Risk of cagA DNA in H. Pylori Patients

Davoud Esmaeili 1 * , Saeideh Hatami 2, Abbas Bahador 3

1 Applied Microbiology Research Center and Department of Microbiology, Baqiyatallah University of Medical Sciences, Tehran, IR Iran
2 Department of Biology Tehran, Science and Research Branch, Islamic Azad University, IR Iran
3 Department of Medical Microbiology, Faculty of Medicine, Tehran University of Medical Sciences, Tehran, IR Iran
*Corresponding author: Davoud Esmaeili, Baqiyatallah University Medical of Sciences, Tehran, IR Iran. Tel: +98-2188067969, Fax: +98-2188039883, Email: esm114@gmail.com

Abstract

Background: Infection of Helicobacter pylori exists all around the world. This bacterium has an IV type secretion system. The main objective of this study was to investigate the existence and abundance of cagA gene in biopsy and serum samples by applying the PCR technique and assay of Triglyceride and cholesterol level in sera.

Objectives: The aim of this study was to determine the correlation between the presence of cagA genome and cardiac risk markers in infected patients with H. pylori.

Patients and Methods: 100 serum samples of patients with above IgG titer against Helicobacter pylori were examined with PCR to investigate the existence of cagA gene.

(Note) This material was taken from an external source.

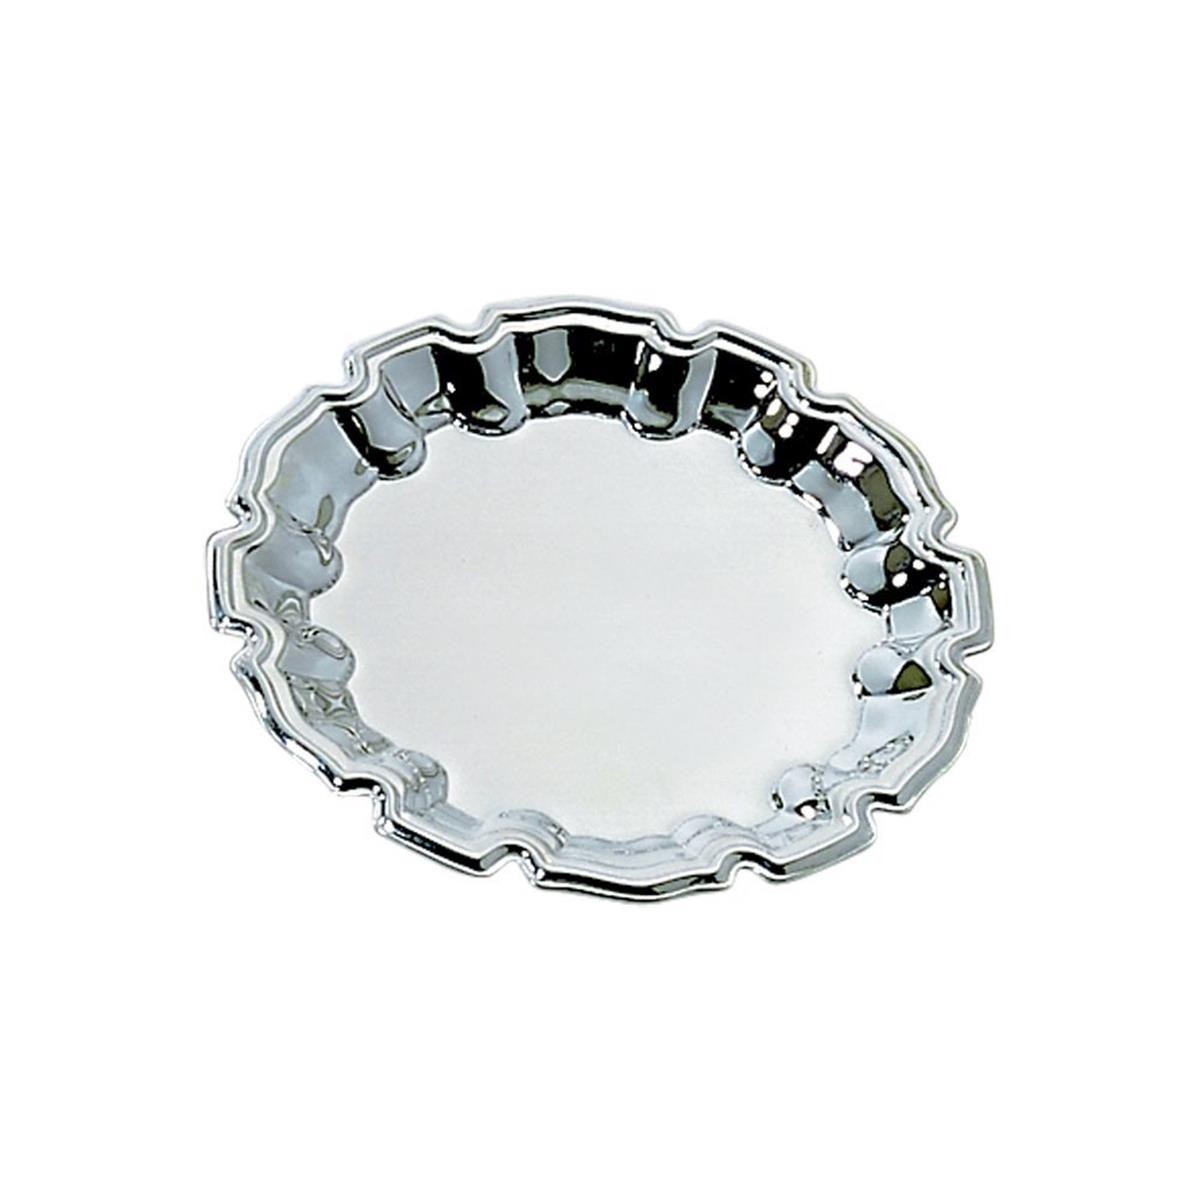 025100 5 In. Stainless Steel Chippendale Tray
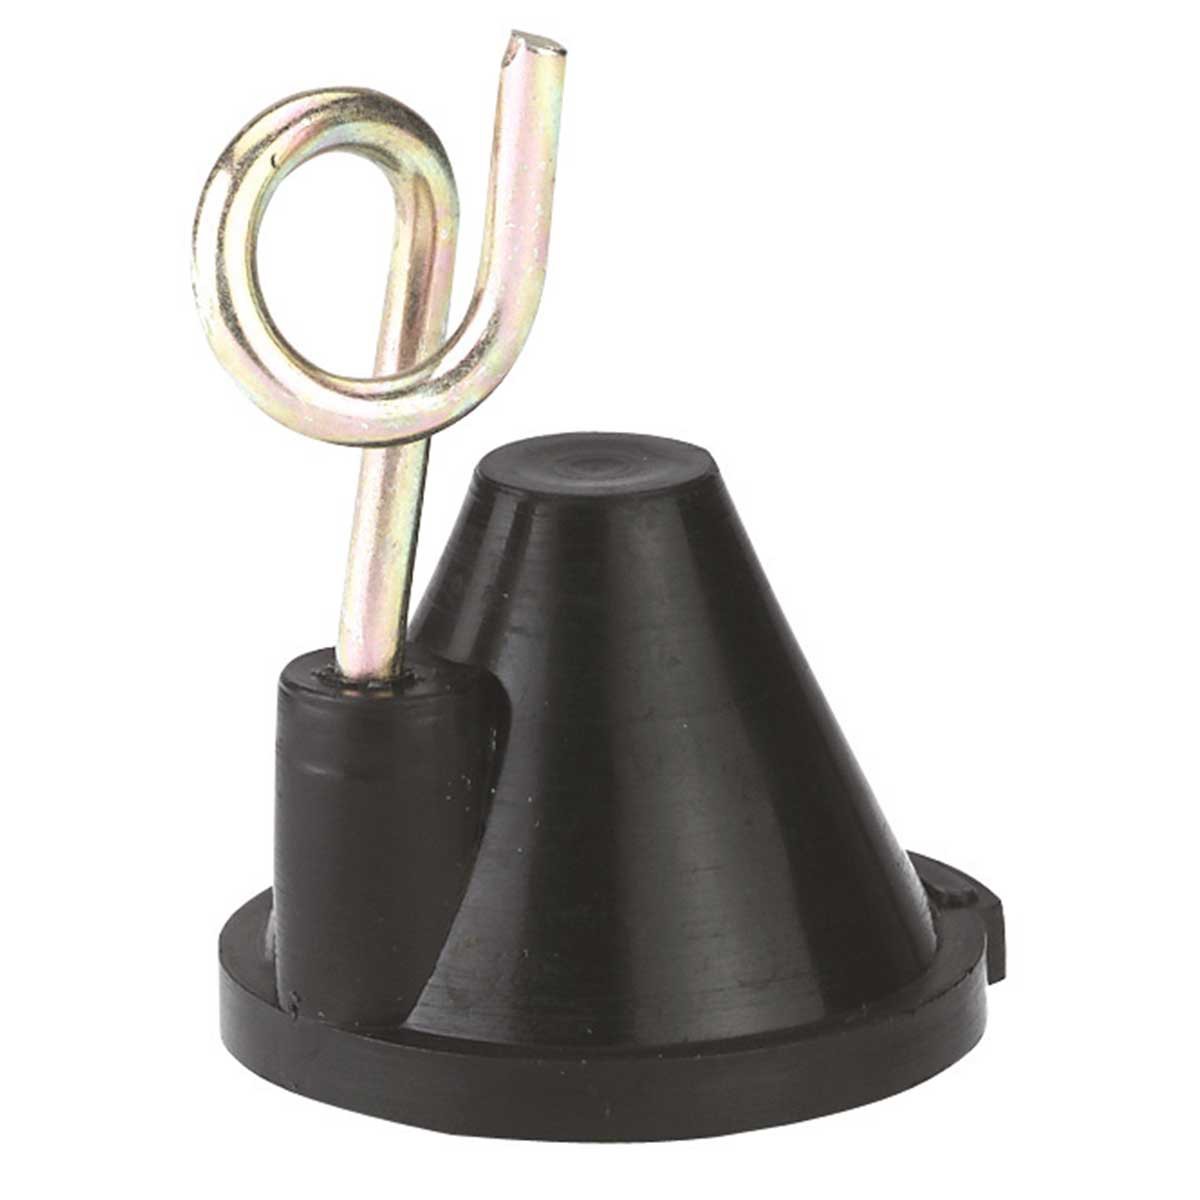 Spare top insulator with eye for oval steel post

Moreover triglyceride and cholesterol titers and blood pressure were measured.

Results: Eighteen samples out of 100 positive serumic samples from patients with helicobacter pylori had a positive result for the existence of cagA gene. Twelve samples (66٪) out of eighteen serumic samples had triglyceride and cholesterol titer greater than the normal levels. From 18 specimens detected in sera, about 12 people had cardiac disorders and 10 patients had high blood pressure.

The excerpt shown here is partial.